# Moon base



## Harpo (Feb 4, 2013)

I'm surprised there isn't already any kind of moon base discussion on here.

So I'm starting one now - what do you think about the idea/potential of a moon base?

Could it be made using 3D printers?
http://www.space.com/19600-moon-base-concept-3d-printing-photos.html

http://blogs.wsj.com/tech-europe/2013/02/04/print-your-own-moon-base/


----------



## Huttman (Feb 6, 2013)

Please make Eagles, please make Eagles, please make Eagles...


----------



## Venusian Broon (Feb 9, 2013)

Harpo said:


> So I'm starting one now - what do you think about the idea/potential of a moon base?


 
Well I'll take the brutal economic line and say that we'll only build one when we have a sound commerical reason to exploit substance X or Y on the moon *and *robotics/autonomous systems can't handle it (although I suspect they were remain cheaper, safer and efficent enough to make human habitation of the moon pointless.)

Possibly it might make sense to 'practice' and study human physiology if we are intent on getting to Mars - but I doubt we would seriously at that point want to maintain a permanent colony there. (But who knows what the future will bring.)



Huttman said:


> Please make Eagles, please make Eagles, please make Eagles...


 
LOL 

I too am of the age where a moon landscape would be infinitely improved by the sight of an Eagle slowly rising from its underground hanger on its cross shaped landing pad.


----------



## thaddeus6th (Feb 9, 2013)

Venusian, is that brutal, or just common sense?

Unless there's an economic/scientific advantage there won't be one.
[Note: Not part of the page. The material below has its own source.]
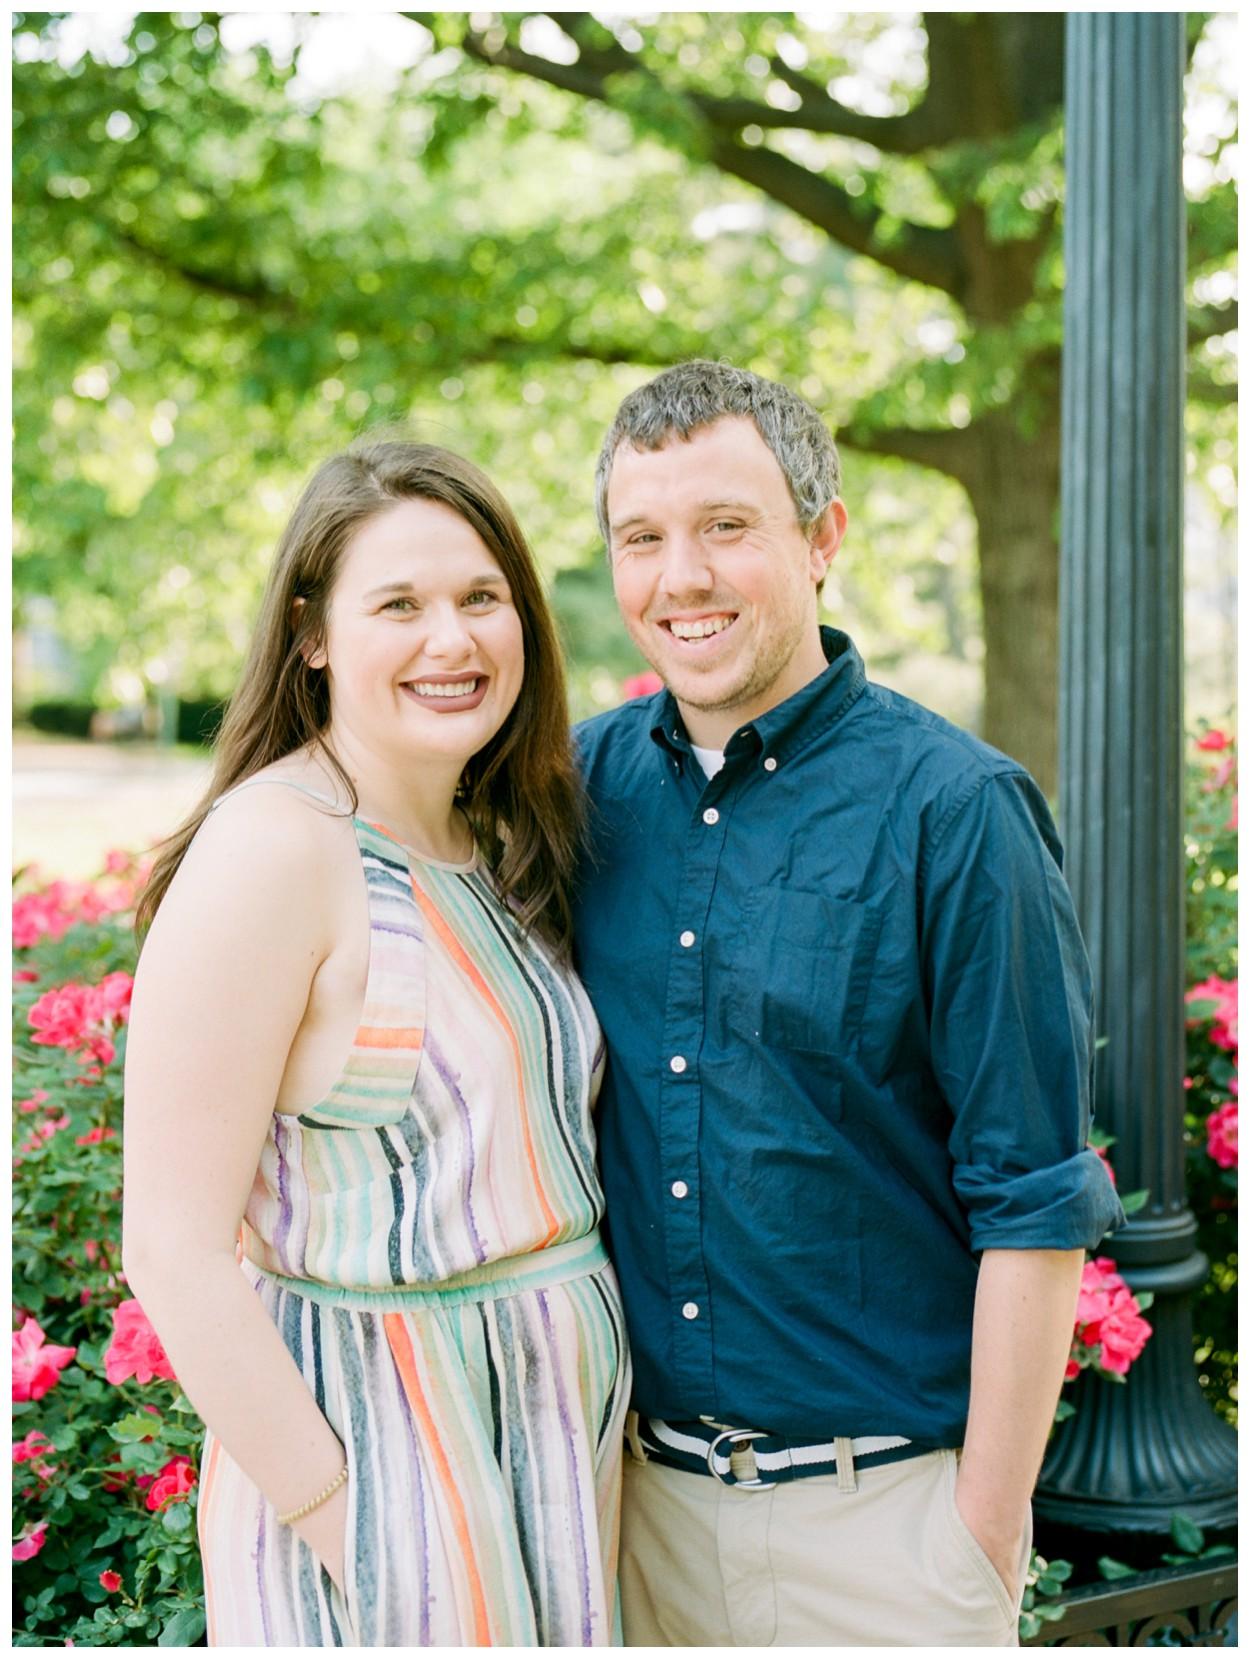 Summer Engagement Session in Adams Morgan, Washington DC by fine art wedding photographer Lissa Ryan Photography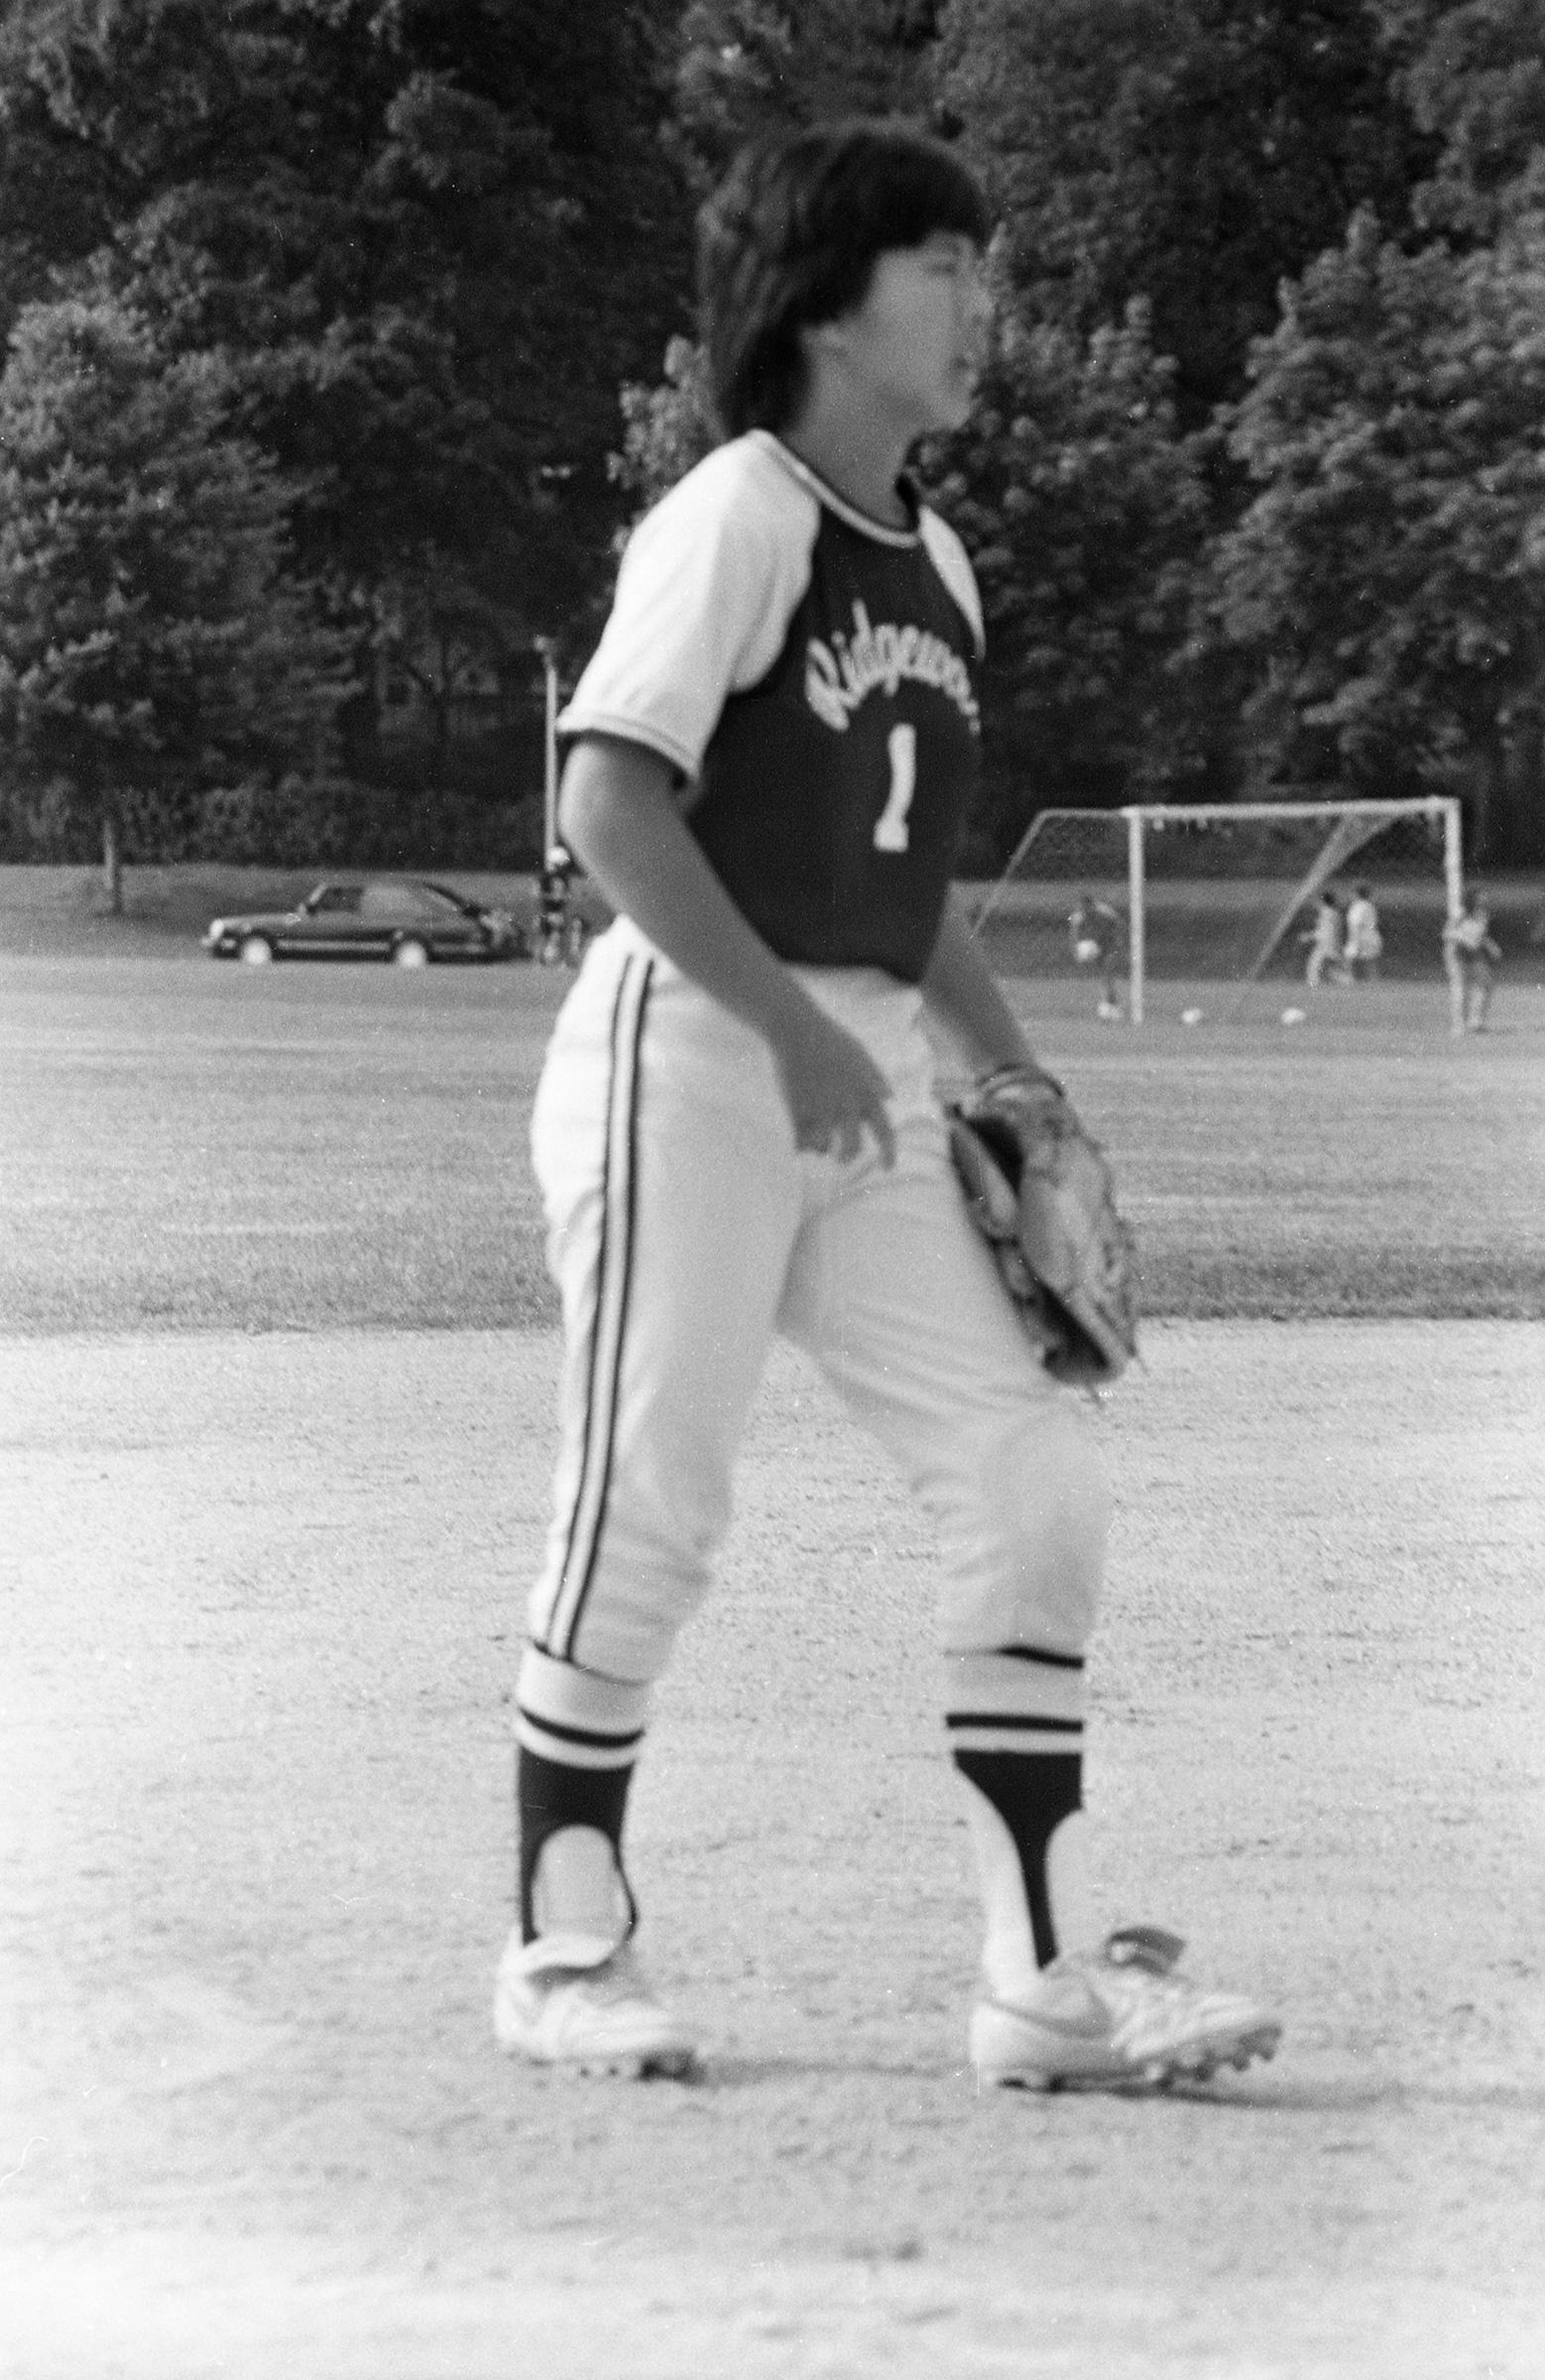 Ng playing softball at Ridgewood High School in 1986

It'd be interesting if we had a space tourism industry, but I don't know how that could be cost-effective.


----------



## Venusian Broon (Feb 9, 2013)

thaddeus6th said:


> Venusian, is that brutal, or just common sense?
> 
> Unless there's an economic/scientific advantage there won't be one. It'd be interesting if we had a space tourism industry, but I don't know how that could be cost-effective.


 
When I say 'brutal economic' I should qualify this by saying - it will only be done if there's a clear short term profit achievable within an acceptable level of risk*. And for something like the moon base I see no other dimension to it (I think any scientific advantages can be got elsewhere or by unmanned missions)

A lot of the rest of the space industry has however, historically and currently, been driven by to some extent other considerations than the purely economic i.e. Miltary use, Pure Science and 'Because it's there'

Of course things like military power, security and scientific research (even in esoteric subjects) also benefit a nations economic well-being, both directly and indirectly so its a complex process to _really _quantify. Sometimes by taking a gamble you discover something amazing. 


--------------------

* I should also point out that economic rational need not be common sense; projections and expectations that seem rock solid one day can easily be shown to be castles in the air later. We're still suffering from a bunch of mass delusions within the banking world that, with hindsight, a 'common sense' person should have seen coming from the start.


----------



## Galacticdefender (Feb 12, 2013)

And that is where people like Elon Musk come in. Space exploration will be profitable within our lifetimes most likely because of companies like Spacex. Also Elon has stated that he started Spacex with the goal in mind of making Humanity a multi-planet species, so he definitely doesn't only care about money. There will be a moon base soon enough I believe. I also would not be surprised if the first man on Mars is put there by a commercial venture.


----------



## Venusian Broon (Feb 13, 2013)

Galacticdefender said:


> Also Elon has stated that he started Spacex with the goal in mind of making Humanity a multi-planet species, *so he definitely doesn't only care about money.* .


 
Hence it will fail, 'cause he will much more likely bankrupt himself then.  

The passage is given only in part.